Exercise prompt: In the material below, find the line with "坦桑尼亚 - mikumi 国家公园 1 缩放比例 - 西部赛道的去处"; set down that line and every line after it to the end, exactly, without pictures.

Data extract:
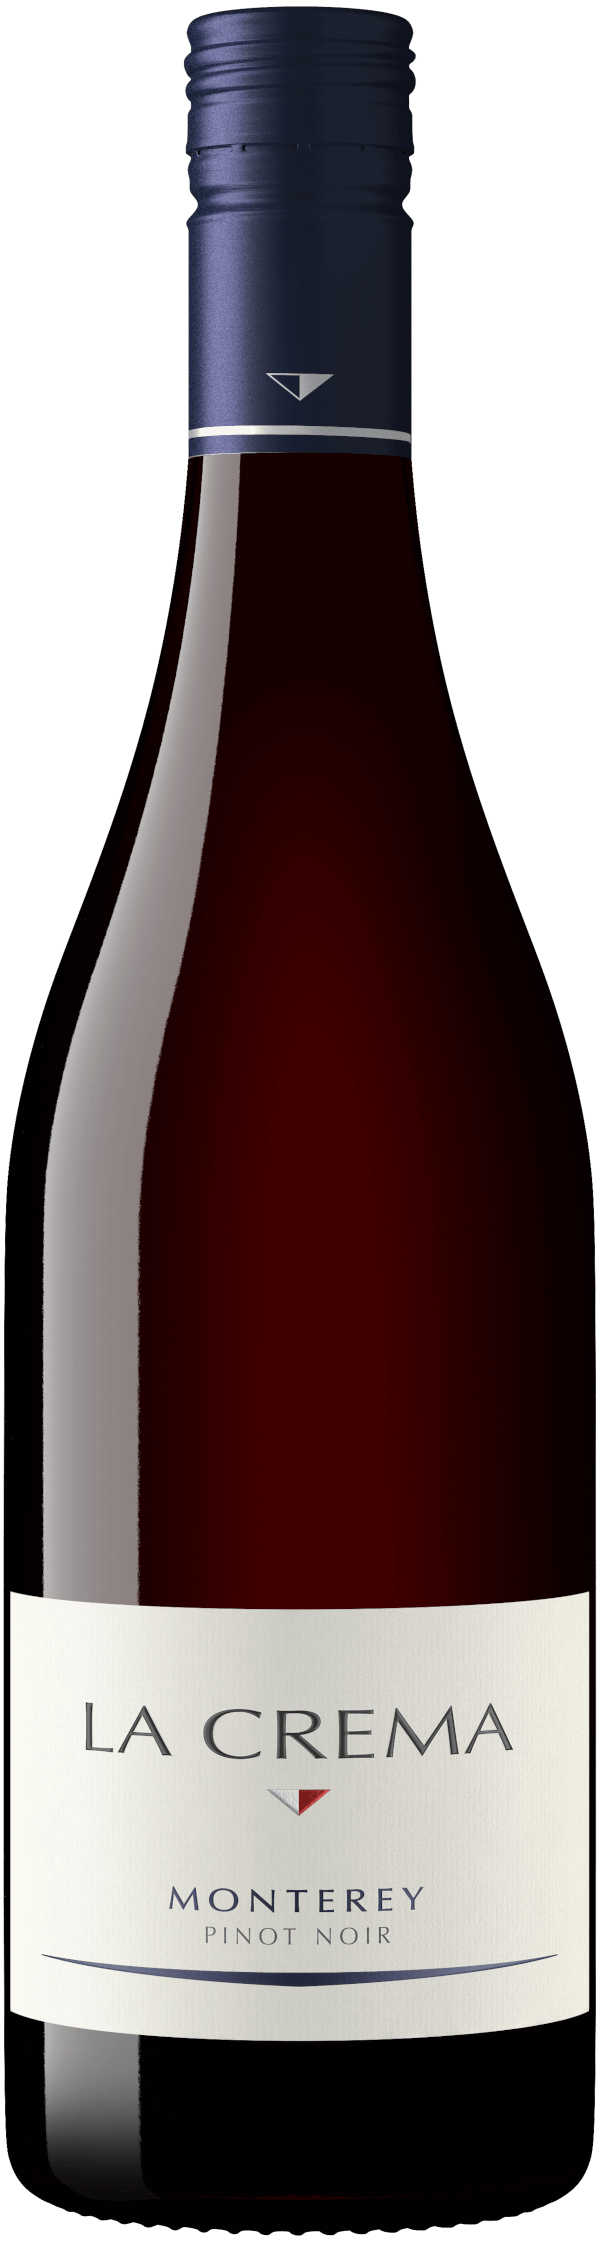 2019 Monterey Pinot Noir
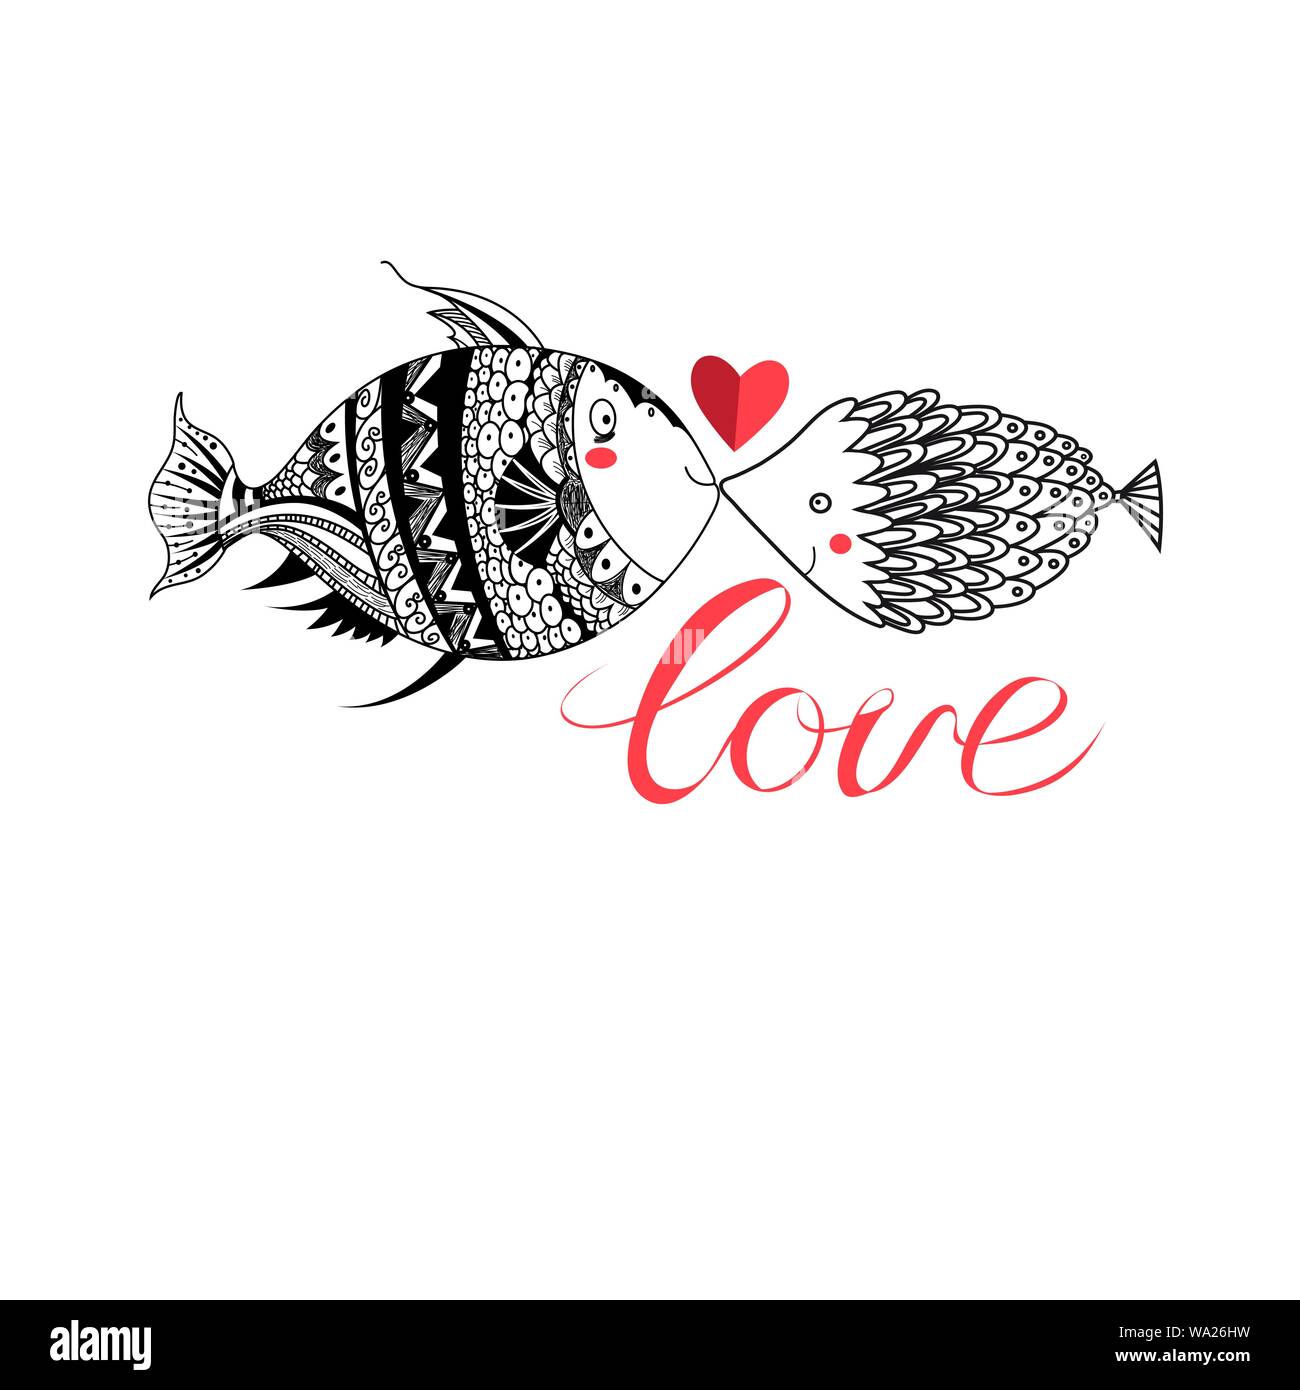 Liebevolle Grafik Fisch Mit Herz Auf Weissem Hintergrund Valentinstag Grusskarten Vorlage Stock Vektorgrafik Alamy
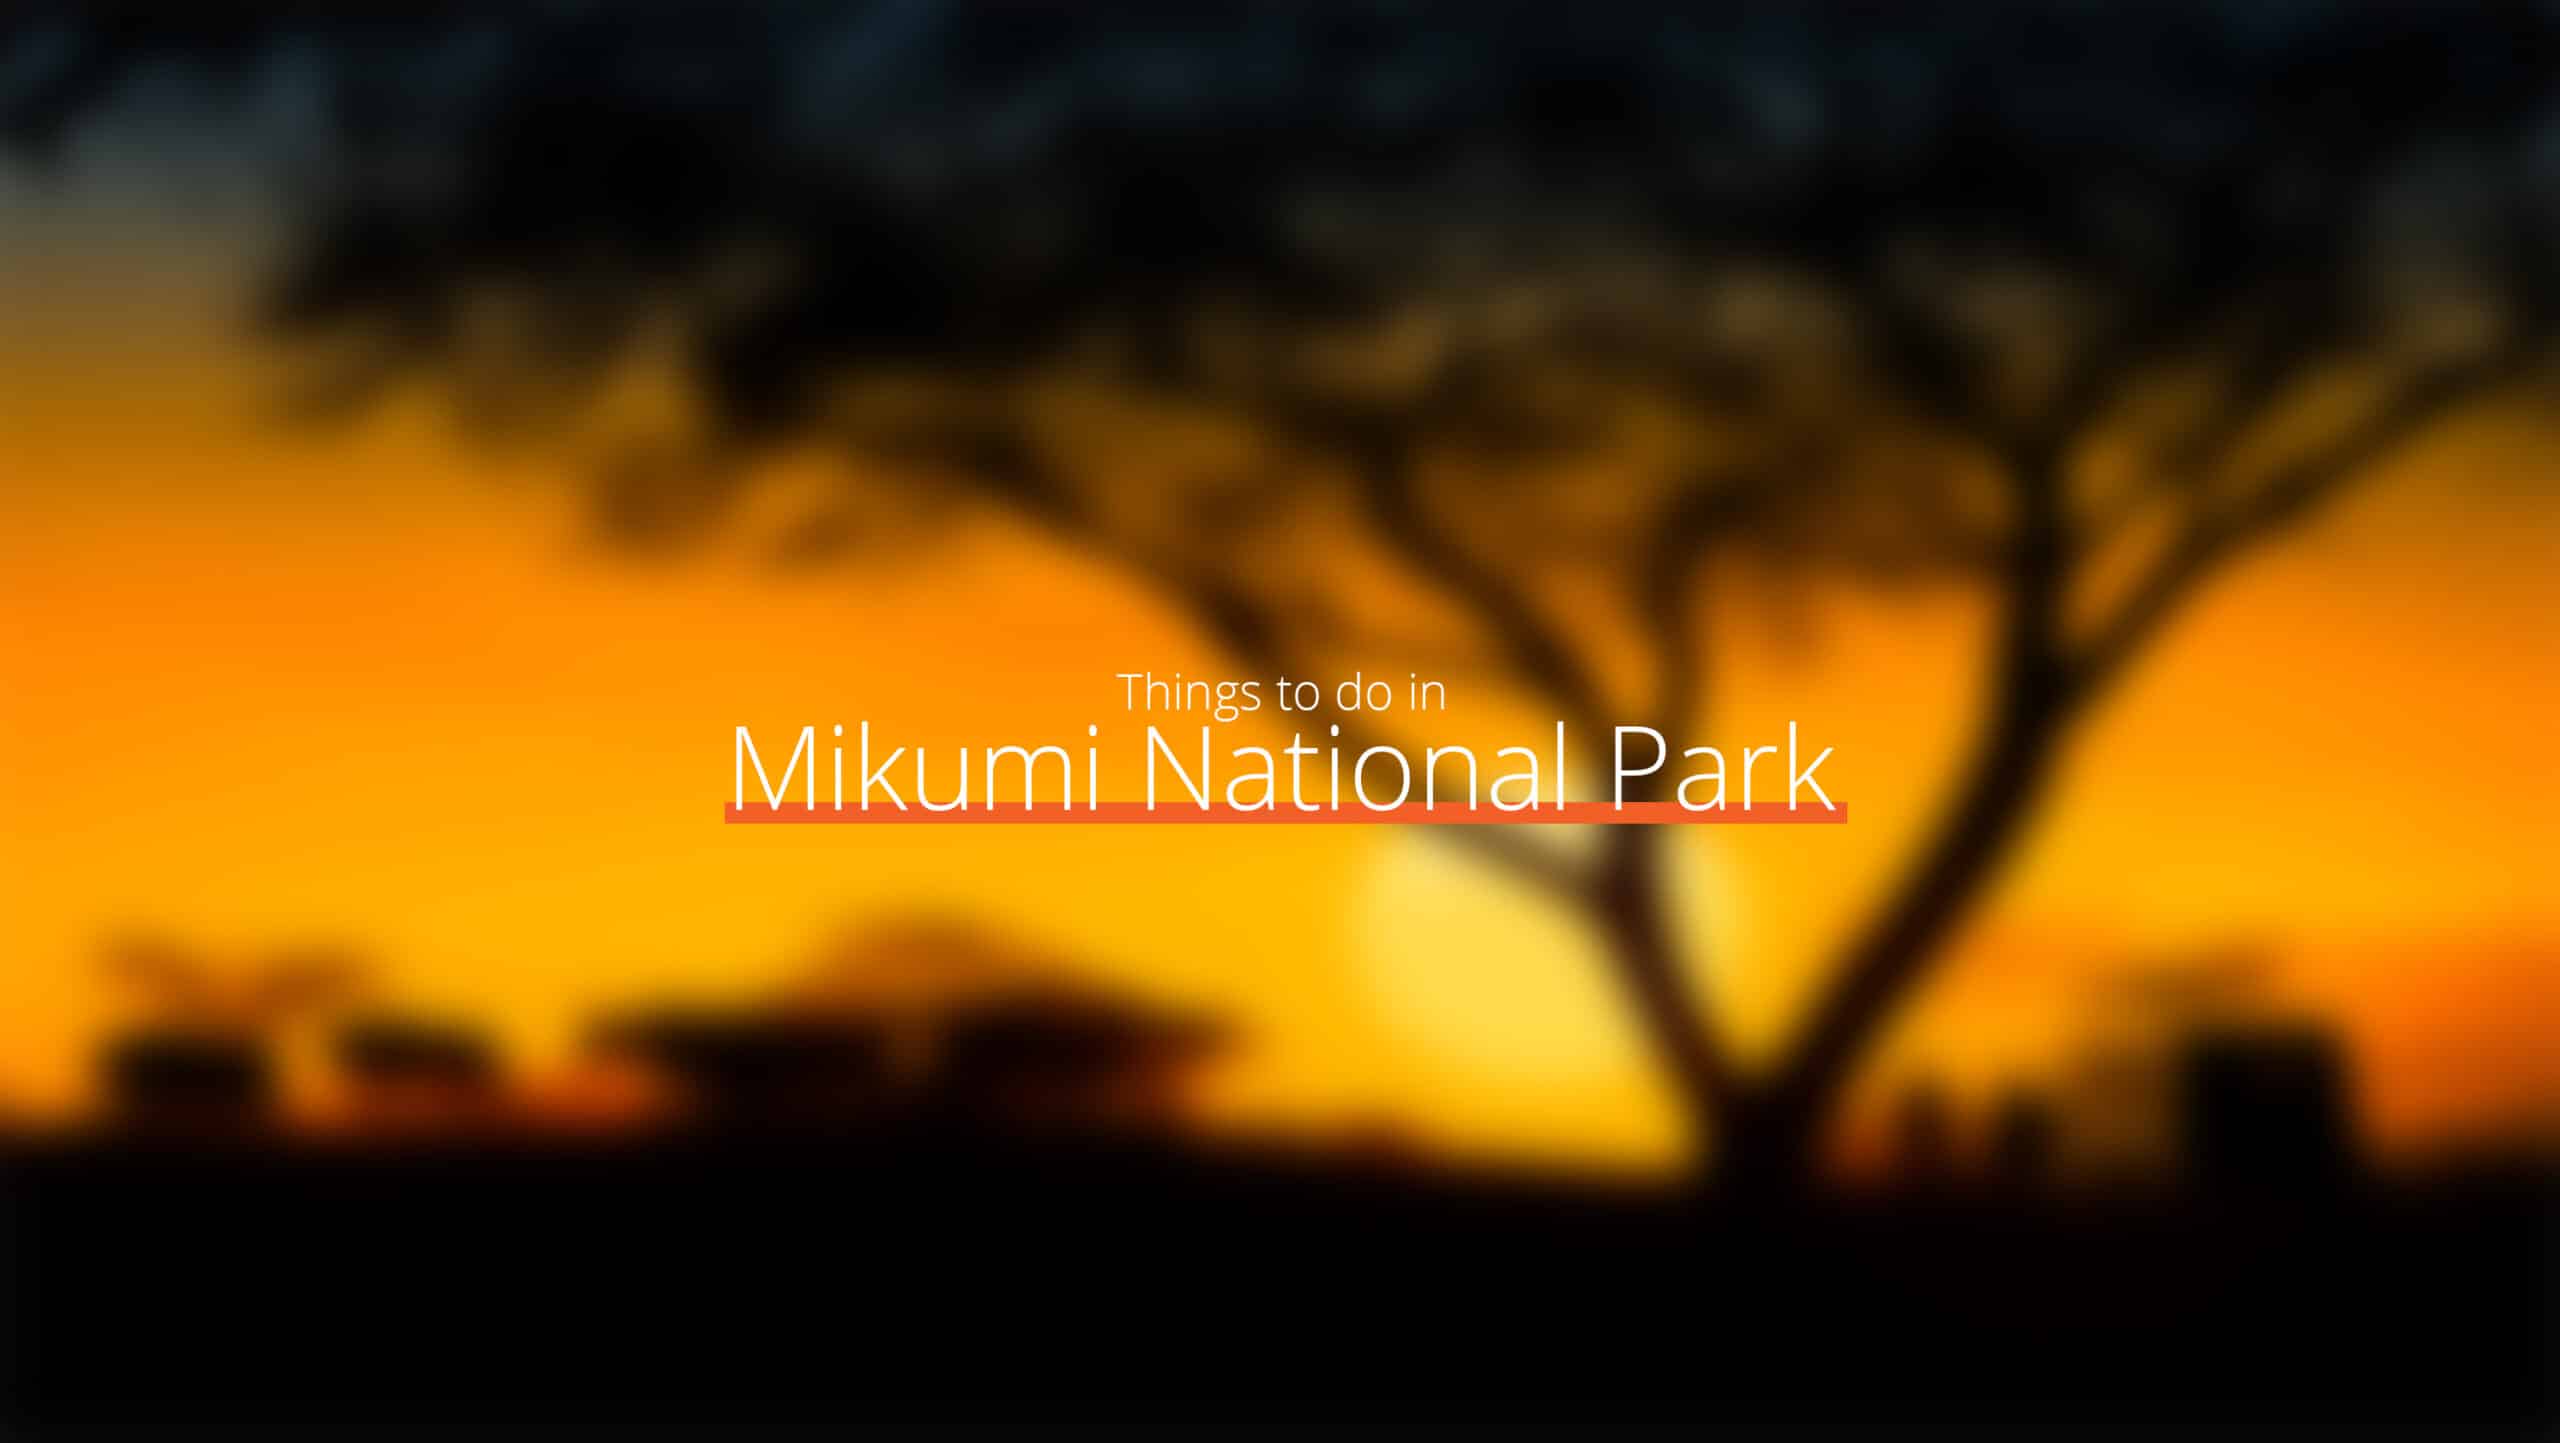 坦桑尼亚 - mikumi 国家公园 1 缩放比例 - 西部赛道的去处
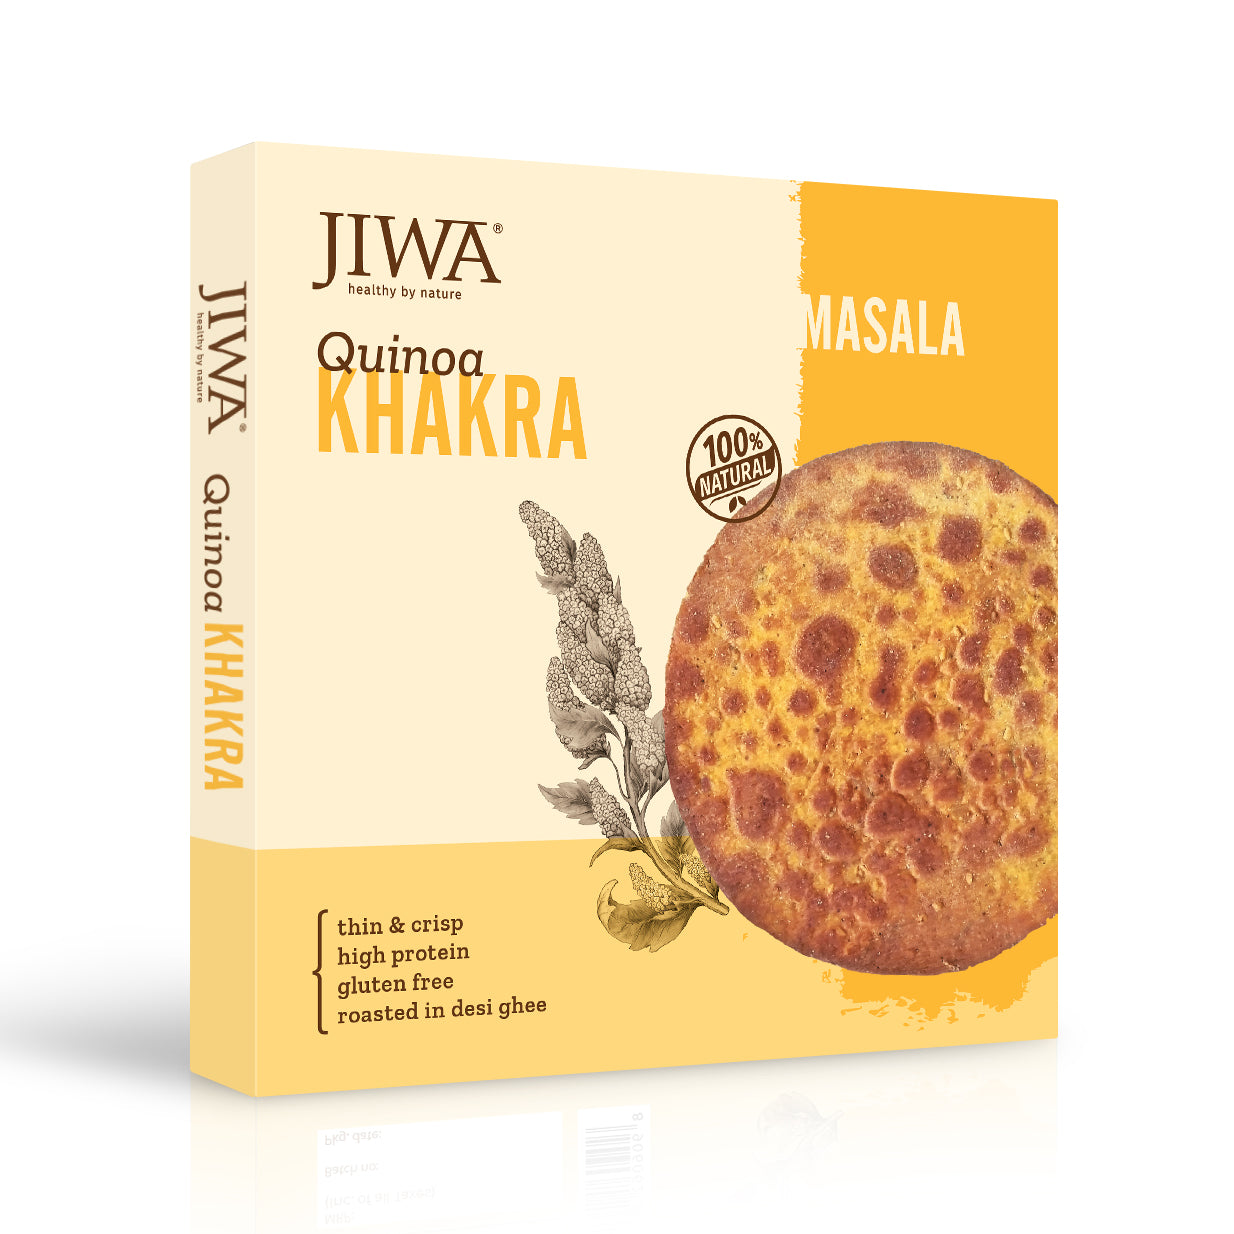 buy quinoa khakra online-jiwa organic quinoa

Output of the exercise:
 坦桑尼亚 - mikumi 国家公园 1 缩放比例 - 西部赛道的去处
 buy quinoa khakra online-jiwa organic quinoa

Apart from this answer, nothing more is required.